Auto da-Fé– Elias Canetti (+)
An obvious comparison to Kafka. A man of intellect who lives only for his books is destroyed by his illiterate housekeep and brutish caretaker. Yes, there is a dwarf — this is a German book. I suspect that this text will actually improve with re-reading. Highly recommended.
The Yellow Wall-Paper — Charlotte Perkins Gilman (+)
Fantantastic! Ok, it’s really a story with a lot of analysis from the Feminist Press wrapped around it, but what a story. A must read, not so much for it’s message but more so for the structure. Perfect.
Memories of Rain — Sumetra Gupta
Heir to Virginia Woolf?
The Gift of Stones — Jim Crace
A very interesting text set in a mythos somewhere at the end of the Age of Flint. Well written and evocative (not smarmy like Jean Auel). This author is very good and I see several other interesting titles I’ll be trying. Perhaps he is taking over for William Golding as England’s most imaginative novelist?
The Grandfathers — Conrad Richter
Richter was one of my mother’s favorite authors and I remember her reading and reading some of his books. Her mother lived a lot of the experiences Richter develops in his books. This particular text isn’t one of his top titles but it was an interesting read and really put you back in another time and another place — isn’t that what a novel is supposed to do?
Managing Projects with Microsoft Project 4.0 for Windows and the Macintosh — Gwen Lowery
This was a fairly good overview but unlike the other MS Project book I read, the emphasis here is how to use the MS Project product rather than how to manage projects. It’s good but I liked the Day book much better. Note that I had both these books sitting around for some time before I actually read them; I have also peeked at the titles in B&N that relate more directly to the newer versions of MS Project and wasn’t impressed.
Microsoft Project 4.0 for Windows and the Macintosh: Setting Project Management Standards — Peggy J. Day
This is an excellent book demonstrating how standardization of even simple project management disciplines can be intergrated with project management software to assure project success. The specifics of MS Project are almost incidental although this would be a valuable book to update for the newest version of the software.

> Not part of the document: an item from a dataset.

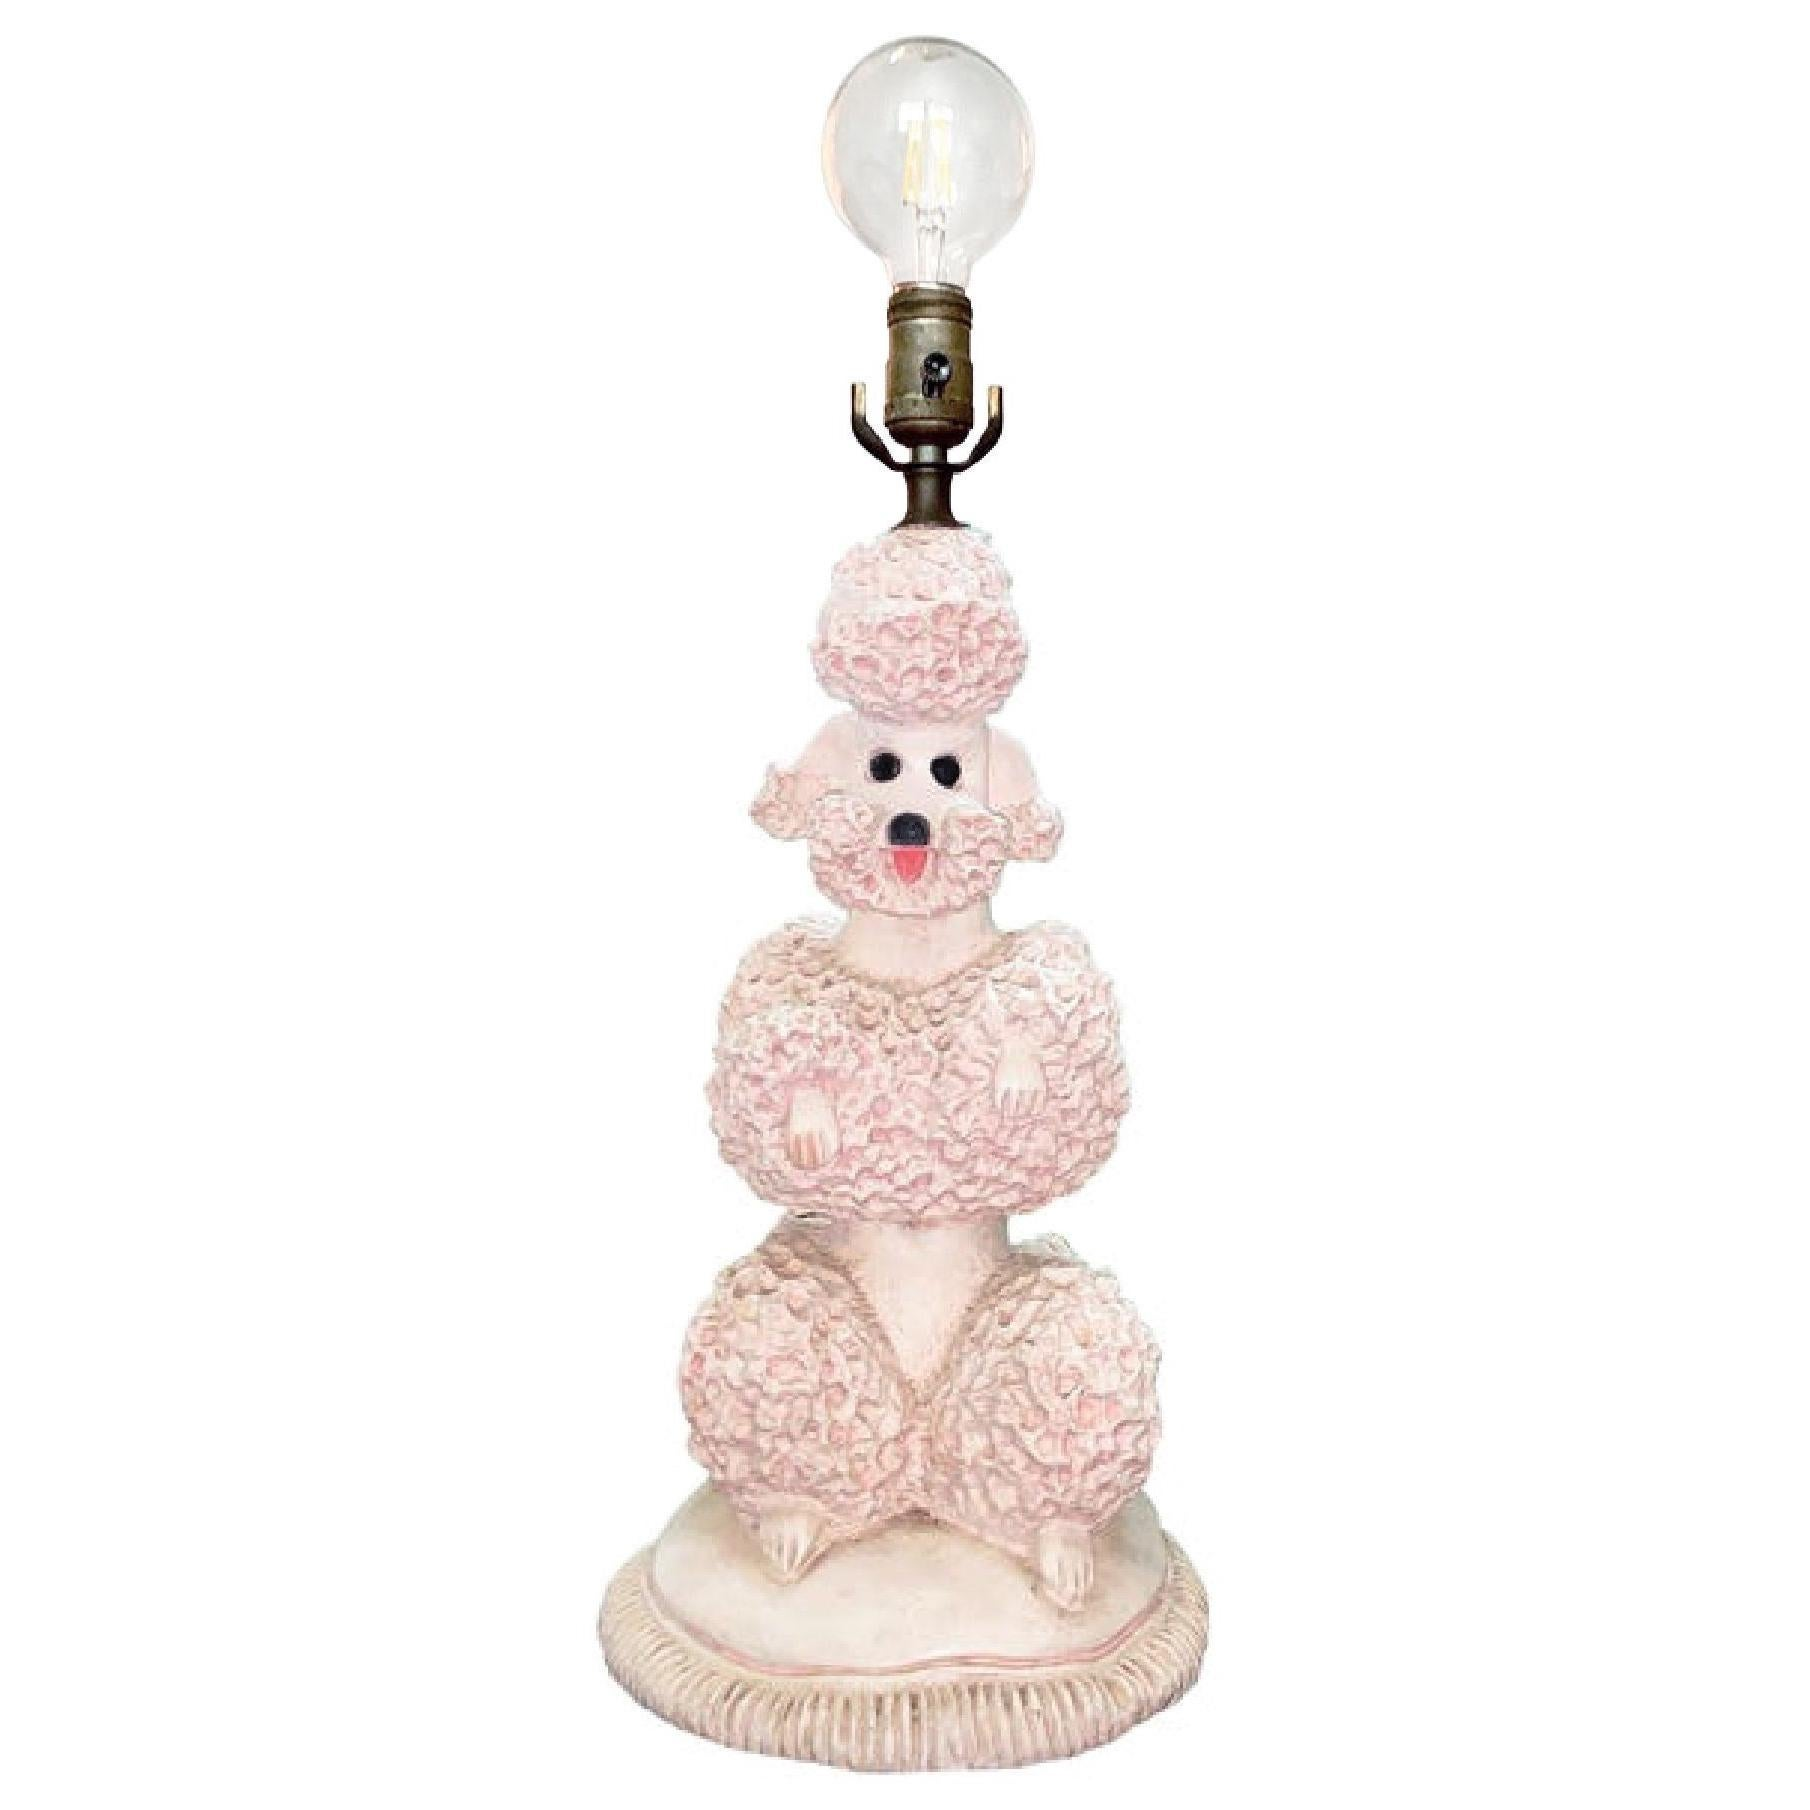 Phyllis Morris Original Poodle Table Lamp, Signed, Pink, 1952 Hollywood Regency

Lotus Notes 4.5 for Dummies — Stephen Londergan & Pat Freeland
This is the first Dummies book I ever looked at and I was pleasantly surprised. One of my people attended the recommended company training for $187 out of my budget and didn’t get a tenth of the information contained in this nice little book.
The Way That Water Enters the Stone — John Dufresne
I very much enjoyed these short stories. I wish I was as pleased with the author’s novels.
40 Stories — Donald Barthelme
I’m starting tto get very interested in short stories and DB is a master. I have this and 60 Stories on hand for breaks in reading when I need a quick change of pace without a lot of commitment (sounds like an affair). I found myself re-reading many of the stories in this volume, both for comprehension and also for repeated pleasure.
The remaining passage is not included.